On Behalf of | Feb 18, 2019 | Drunk Driving |

When motorists are pulled over on suspicion of drinking and driving, law enforcement officers may ask them to take a breath test. Roadside breath test devices are used to measure a driver’s blood alcohol content level and determine whether it is over the legal limit of 0.08. The problem stems from the fact that many roadside breath test devices yield inaccurate results when compared to the blood alcohol level readings obtained from an actual blood sample. According to the State University of New York at Potsdam, breath test results obtained from a roadside device may vary by at least 15 percent from the readings of an actual blood test. Furthermore, at least one in four people tested will have inflated breath test readings. This could lead to a wrongful DUI arrest and potentially false conviction.

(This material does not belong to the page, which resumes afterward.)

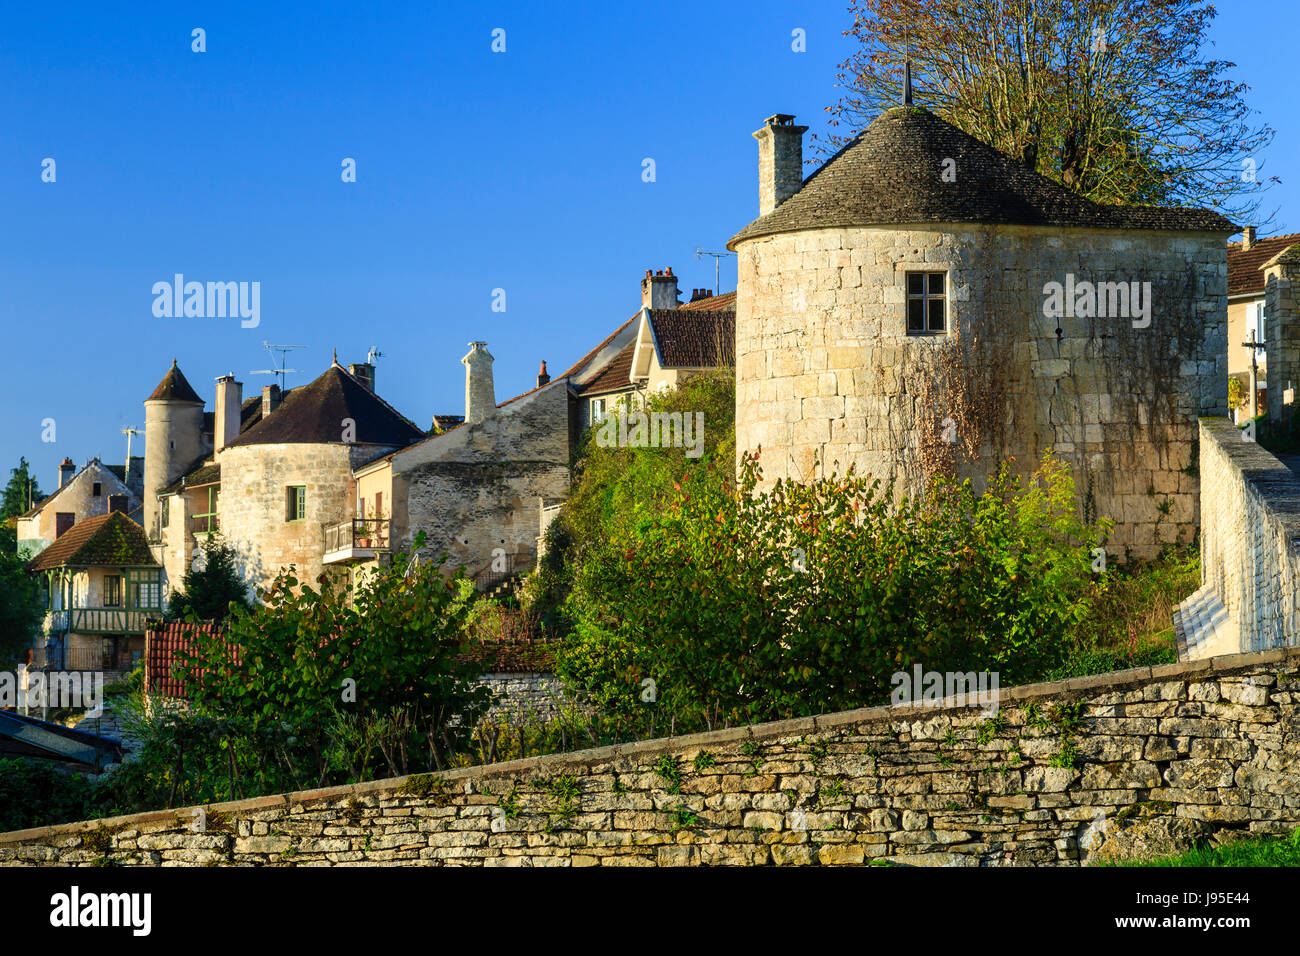 France, Yonne, Noyers or Noyers sur Serein, labelled Les Plus Beaux Villages de France (Most beautiful Villages of France), village fortifications Stock Photo

There are several factors that contribute to the inaccurate readings obtained through a breath test device. Some of the following can influence readings and cause them to be higher than normal:

  •          The relative humidity and temperature of the air
  •          Cigarette smoke, gas fumes and pollution
  •          Electrical interference from cellphones or officers’ radios
  •          Residual food, drink, blood or vomit in a person’s mouth

Breath test devices must also be calibrated regularly and set to read in the temperature and humidity of the area in which they are being used. If law enforcement officers fail to use the device properly, it could lead to inaccurate results as well. The most accurate way of obtaining a BAC is to take a blood test.